Time Period3 Months [change]
DirectionMoves Together 
StrengthSignificant
Accuracy100.0%
ValuesDaily Returns

Dominos Pizza  vs.  Arrow Financial

 Performance 
       Timeline  
Dominos Pizza 

Risk-Adjusted Performance

10 of 100

 
Weak
 
Strong
OK
Compared to the overall equity markets, risk-adjusted returns on investments in Dominos Pizza are ranked lower than 10 (%) of all global equities and portfolios over the last 90 days. In spite of fairly uncertain basic indicators, Dominos Pizza may actually be approaching a critical reversion point that can send shares even higher in January 2025.
Arrow Financial 

Risk-Adjusted Performance

7 of 100

 
Weak
 
Strong
OK
Compared to the overall equity markets, risk-adjusted returns on investments in Arrow Financial are ranked lower than 7 (%) of all global equities and portfolios over the last 90 days.

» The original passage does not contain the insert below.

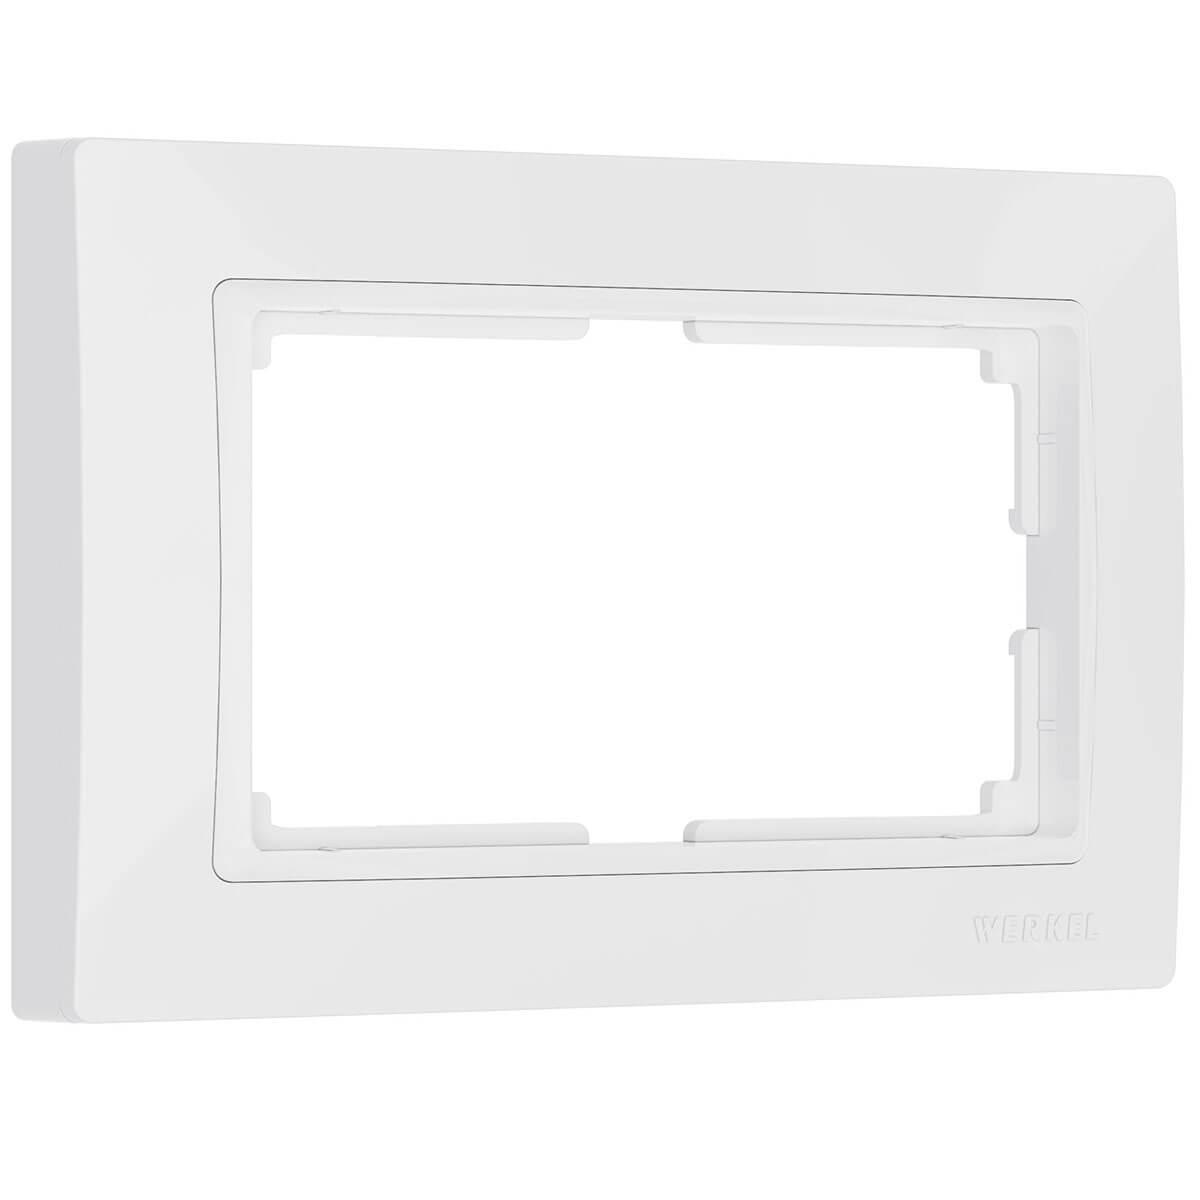 цена на Рамка Snabb для двойной розетки белый basic WL03-Frame-01-DBL-white 4690389117008

In spite of fairly conflicting basic indicators, Arrow Financial showed solid returns over the last few months and may actually be approaching a breakup point.

Dominos Pizza and Arrow Financial Volatility Contrast

   Predicted Return Density   
       Returns  

Pair Trading with Dominos Pizza and Arrow Financial

The main advantage of trading using opposite Dominos Pizza and Arrow Financial positions is that it hedges away some unsystematic risk. Because of two separate transactions, even if Dominos Pizza position performs unexpectedly, Arrow Financial can make up some of the losses. Pair trading also minimizes risk from directional movements in the market. For example, if an entire industry or sector drops because of unexpected headlines, the short position in Arrow Financial will offset losses from the drop in Arrow Financial's long position.
The idea behind Dominos Pizza and Arrow Financial pairs trading is to make the combined position market-neutral, meaning the overall market's direction will not affect its win or loss (or potential downside or upside). This can be achieved by designing a pairs trade with two highly correlated stocks or equities that operate in a similar space or sector, making it possible to obtain profits through simple and relatively low-risk investment.
Check out your portfolio center.
Note that this page's information should be used as a complementary analysis to find the right mix of equity instruments to add to your existing portfolios or create a brand new portfolio. You can also try the Performance Analysis module to check effects of mean-variance optimization against your current asset allocation.